You will be asked to provide a urine sample that will be used for a confidential drug test, and we may do this at every study appointment. If you are a female and capable of child-bearing, we will ask you for verbal confirmation that you are not pregnant, and administer a urine pregnancy test before the MRI session. The test result must be negative for you to participate in the MRI session. You will be asked to provide a breath sample to test for recent alcohol use, and we may do this at every study appointment. Results are private, however, if you are under the influence of alcohol, you cannot be in the study.

You will be asked to provide a sample of your saliva at the beginning and end of one of your study appointments. With this saliva sample, we will measure your DNA (the genetic material inside your cells). Your saliva is collected by asking you to place a cotton-tipped swab into your mouth for 2-3 minutes or until it is wet.

After the MRI scan, you will be asked to complete questionnaires to measure your alertness and thoughts about the tasks.

About 6 months after finishing the study this year and each year, we will call you to complete a brief 15-minute telephone interview.

About 12 months after completing the study this year and each year, we will invite you to complete the study again, including an interview for you and your parent or guardian, MRI, and Games & Puzzles.

How much time will each study procedure take, what is my total time commitment, and how long will the study last?

It will take about 7 hours to complete all baseline study procedures. It will take the same amount of time to complete the follow-up study every 12 months. This study will last 4 years, including baseline and three annual follow-ups.

The baseline and follow-ups will include the following appointments:

Interviews (12 month and 6 month): 2 hours

Games & Puzzles: 2 hours

MRI scan: 3 hours, including 80 minutes in the scanner

Will I be paid to participate?

Yes! You will be paid for every interview and MRI session you complete. Contact your site coordinator for more information.

Overnight Sleep Study at SRI International and University of Pittsburgh

If you are a participant at SRI International or the University of Pittsburgh, you will also be asked to participate in overnight sleep recording sessions.You will be asked to sleep one to three separate nights in a sleep research laboratory. One of these nights may be replaced with monitoring of sleep at your home. You may be asked to wear a small activity monitor, similar to a wristwatch, to measure the amount of movement you make during the day and night, for a few days before each overnight recording.
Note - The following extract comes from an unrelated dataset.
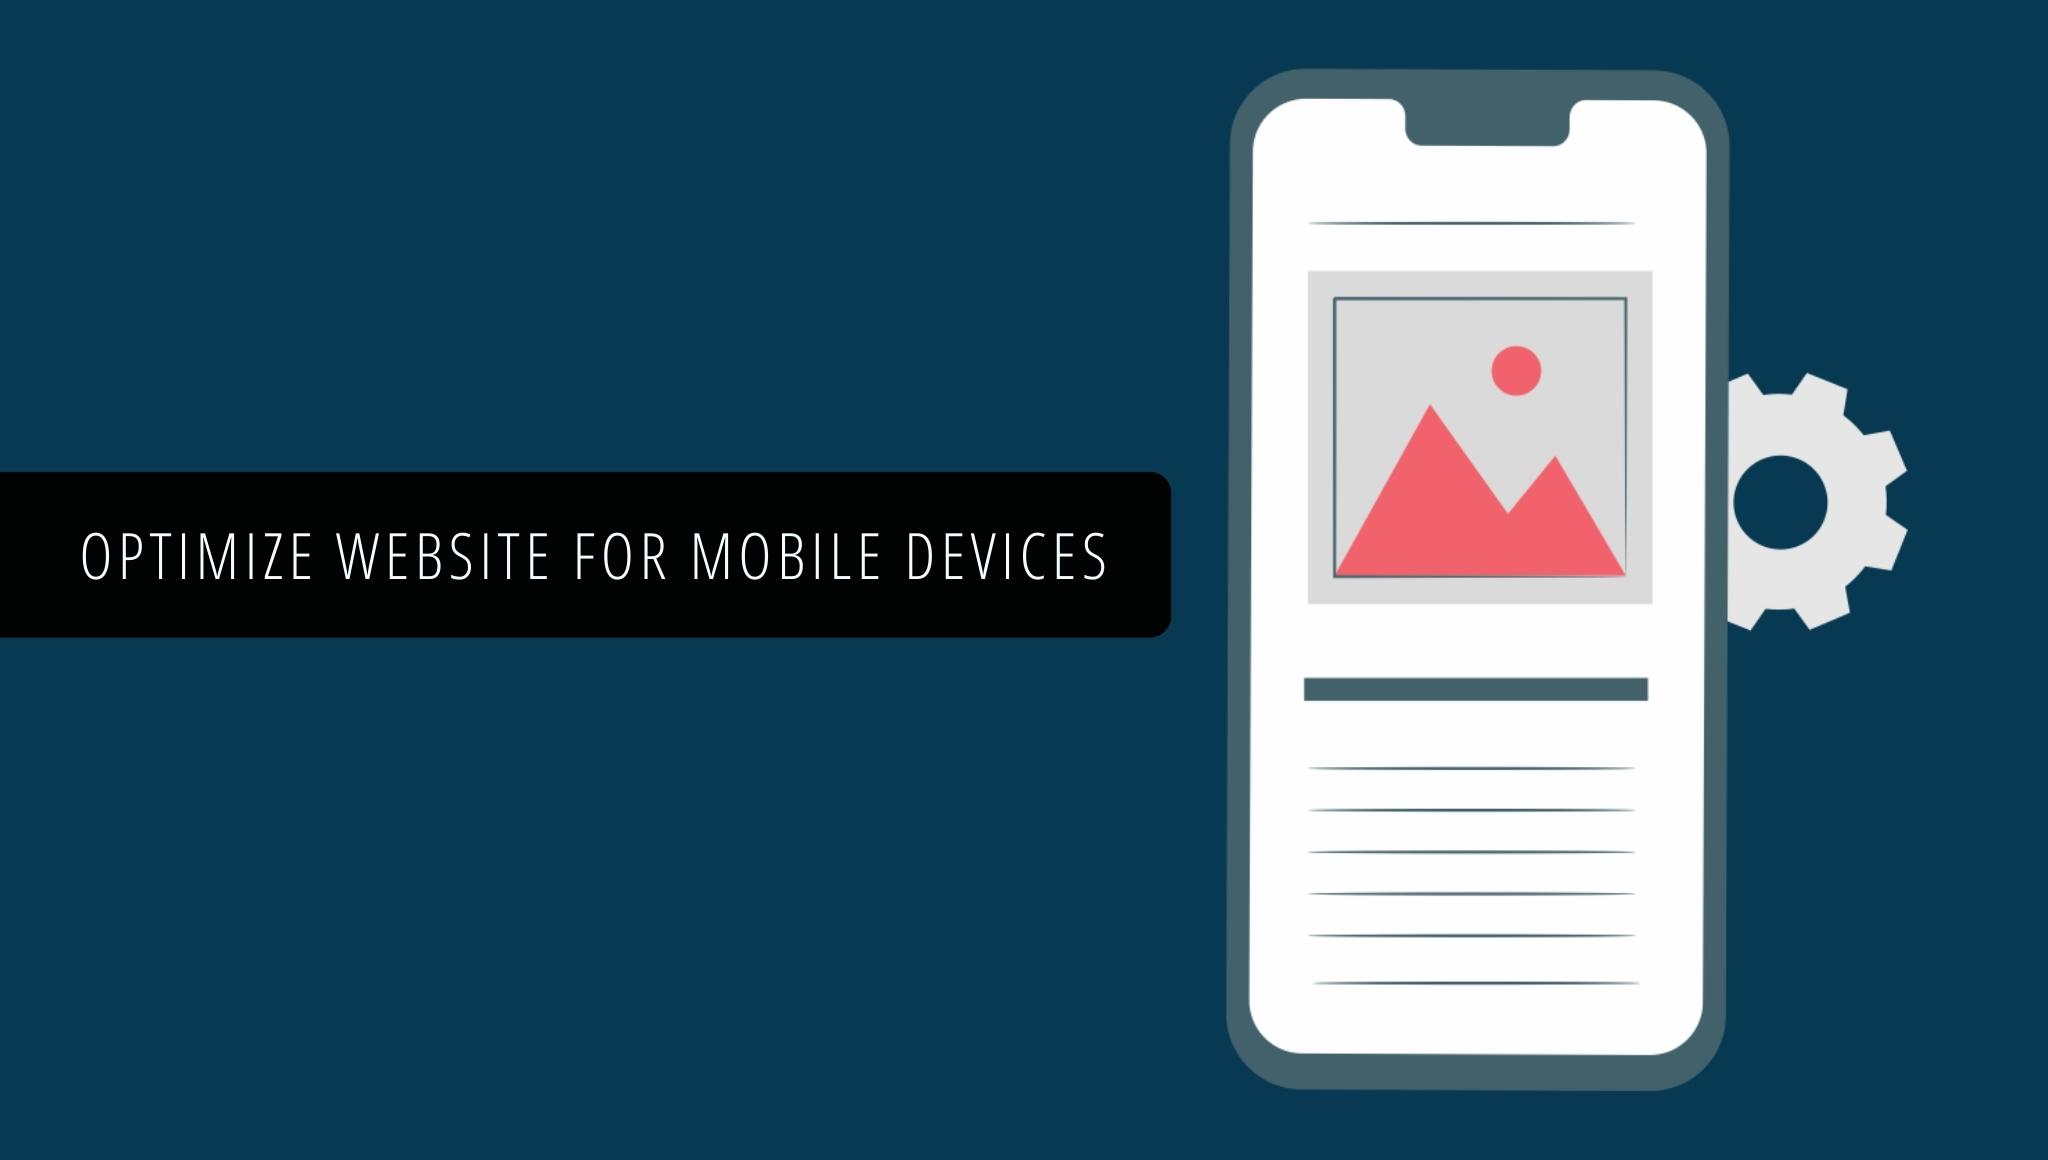 Optimize your website for mobile devices
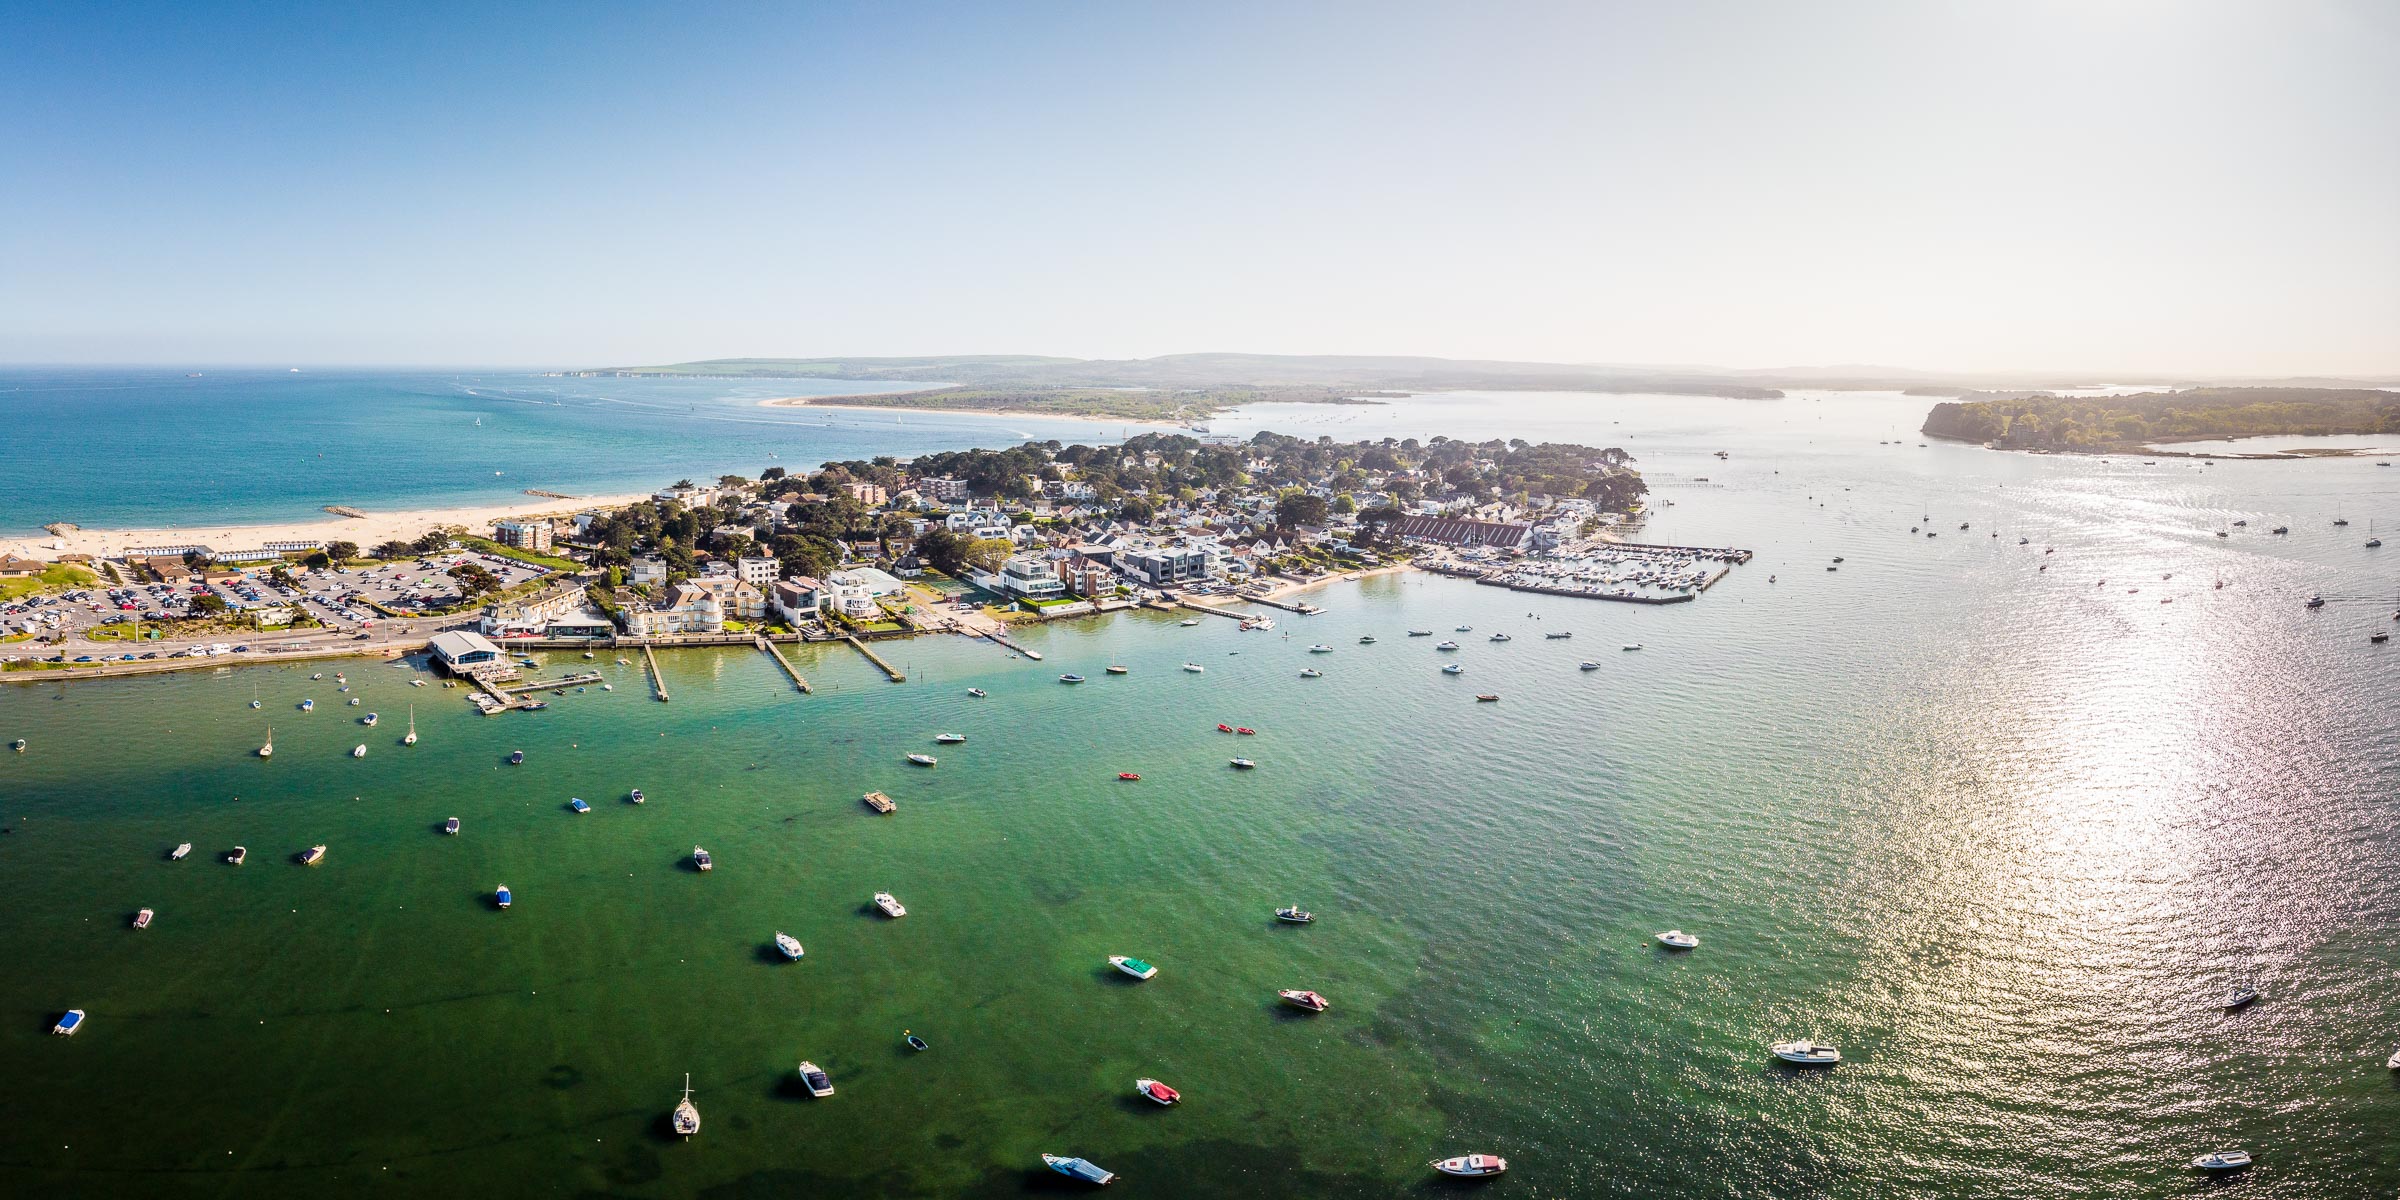 Sandbanks and Poole harbour in Dorset

In order to record information about the way you sleep in the laboratory, several electrodes (small disks which pick up body signals and brain activity) or an elastic lycra cap (like a swim cap) with electrodes attached will be worn. Electrodes will also be taped to the face, chest and arm. These electrodes will be used to monitor brain waves, heart and muscle activity during sleep. Small cuffs may also be placed around two fingers of one hand to allow measurement of blood pressure during the night. To monitor breathing on the first night, bands will be worn around the chest and abdomen, and small tubes placed near the nostrils. You will wear soft foam earplugs that sit comfortably in the ear canal. The earplugs are similar to iPod earphones that fit into the ears. Sound is delivered to the plugs via flexible plastic tubes, which run approximately 12 inches from small electronic amplifiers. You will go to sleep at your usual bedtime. Sounds will be played while you sleep. They are very brief and not loud enough to wake you up. You will be allowed to sleep until you naturally wake up.